There seem to be four stages (so far) of the green building movement in the U.S. First there was Green for Green’s sake: the altruistic goal of environmental improvement. Then there was Green for Greenbacks: when it became stylish to be green and there was a market premium in selling green. After that there was Green for Red Tape: the legislative initiatives, often poorly thought out mandatory greenness. And most recently, Green seeing Red: when the liability costs associated with "failed" green efforts diminish or overwhelm the altruistic, economic or administrative reasons for going green. Not surprisingly all of these stages exist simultaneously, but recent legislative, administrative and judicial developments indicate that this last stage is growing and likely to play a more prominent role in the future. How are parties engaged in construction to best protect themselves as they advance into the green experience?

OWNER: Follow three rules to achieve your goal:

a) Hire competent professionals with appropriate and local knowledge to design and build the project;

b) Use contracts that fairly allocate risk to the owner, designer and builder; and

c) Monitor the work and be ready to modify your goals depending on events.

Competent LEED Accredited Professionals or others of comparable education and experience who have previously done the type of work required are the starting point. They need experience in green design as well as in the implementation of local administrative and legislative systems.

With the advent of more municipal green requirements, local knowledge is more than just building code experience—it is familiarity with the regulatory system and with local building practices.

Relations with local regulators are essential as many of these regulatory systems are poorly thought out, ambiguous and vague. Further, using builders that have built green projects before not only provides an advantage when calculating LEED credits, but also assures smoother and less expensive implementation during construction and more importantly, during commissioning of the building systems.

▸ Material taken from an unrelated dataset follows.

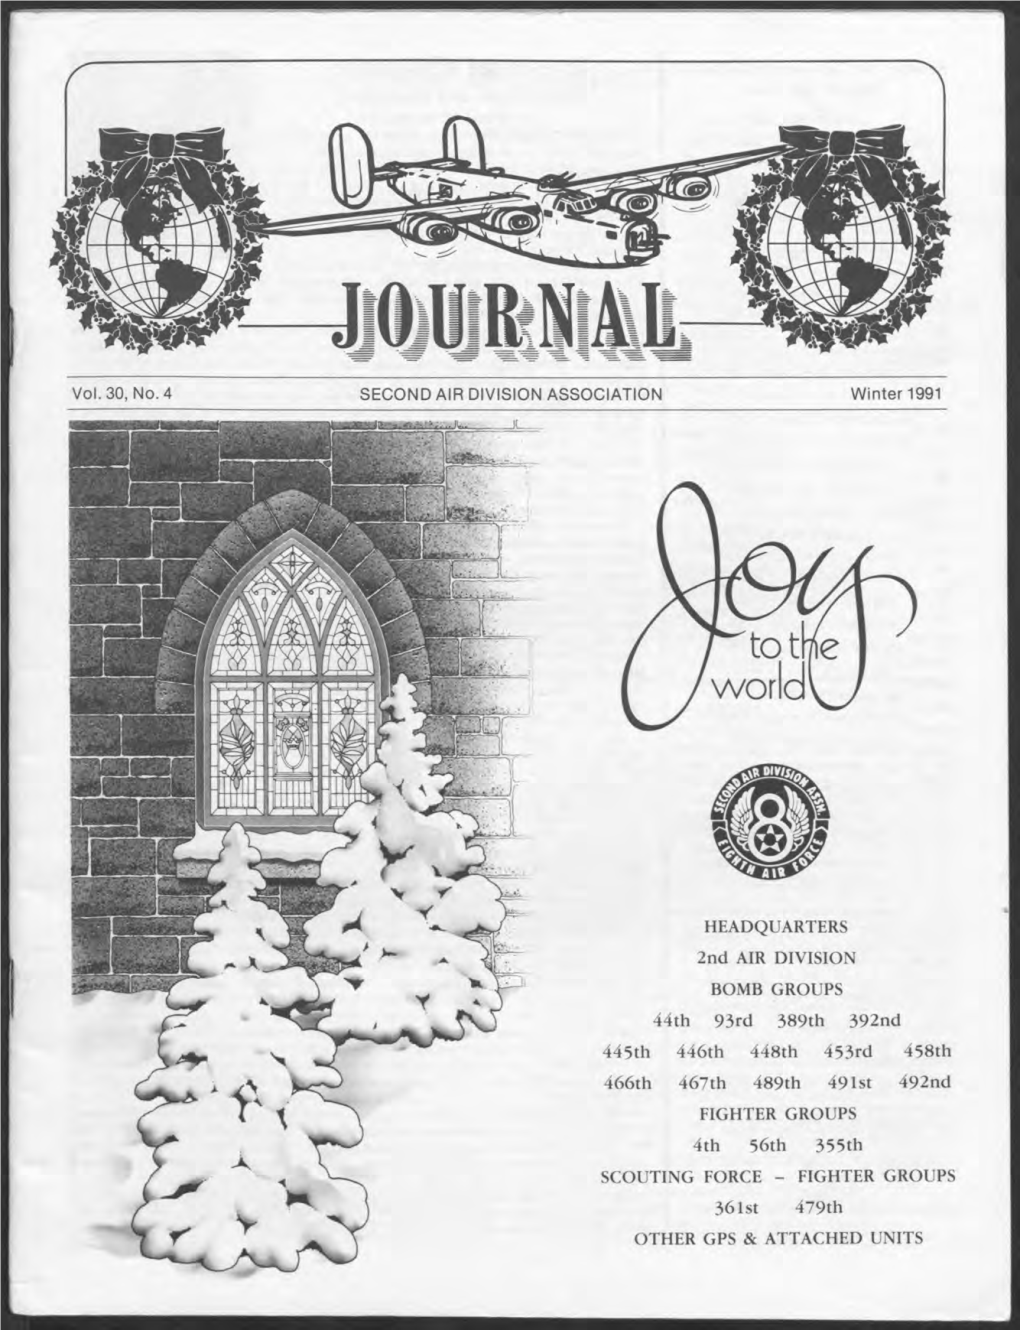 Vol. 30, No. 4 SECOND AIR DIVISION ASSOCIATION Winter 1991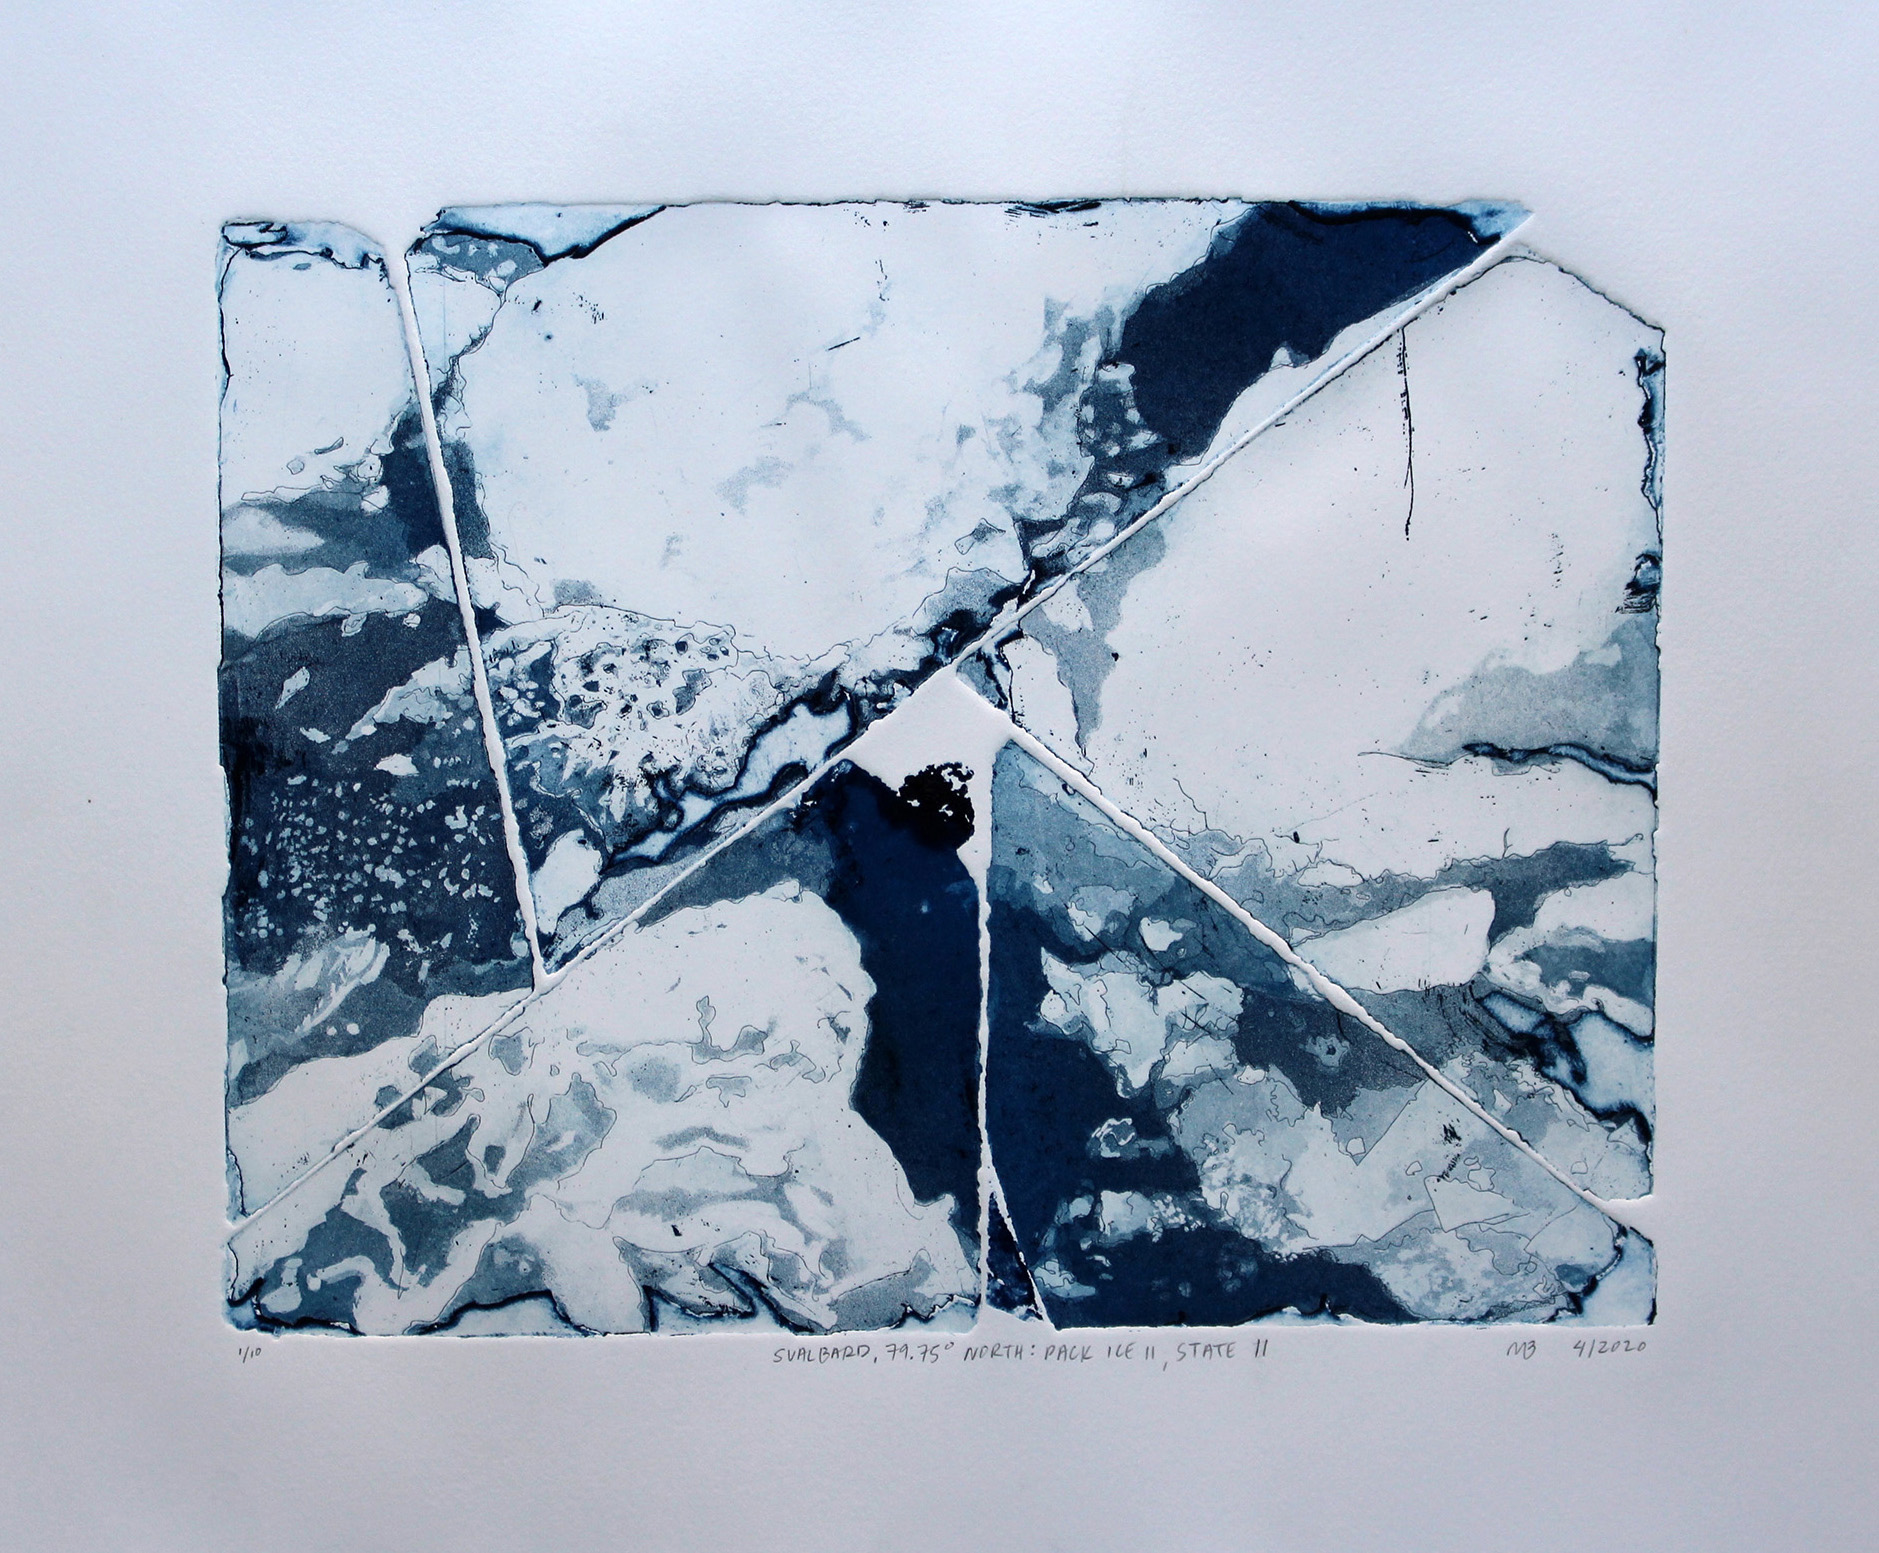 Megan Broughton; Svalbard, 79.75° North, Pack Ice II, State II; intaglio hardground etching and aquatint; 18 x 21 in; 2020

Contracts that unfairly allocate risk have always generated unnecessary and costly disputes. The same is true of contracts that mandate unreasonable design or construction performance. For example, many owners seek to shift the entire burden of risk for green building certification to the design professional, general contractor or both. While superficially appealing to party shedding the risk, this approach is simplistic and the wise owner will recognize that it violates one of the cardinal tenets of risk management: risk should be borne by the parties best equipped to bear it and to control the outcome of the endeavor. Certification of a green building is not completely within the control of any single member of the project team and optimal risk allocation strategies will reflect this.

Risk allocation surety products associated with the design and construction team, at least at their present state of evolution, are generally poorly designed to minimize the owner’s exposure. For instance, the highly tradition-bound surety industry typically concentrates on the "Cs" of bonding: capital, capacity, character. "Green" does not start with a "C" and sureties are just now becoming more aware of the concomitant risks. If a surety needs to hire a replacement general contractor and complete a project, how likely is it the owner's green objectives will be fulfilled? Turning now to the design team, the professional liability policy affords the designer—and by extension the owner—no protection if the designer fails to deliver on a promised LEED rating (a promise any insured would be ill-advised to make).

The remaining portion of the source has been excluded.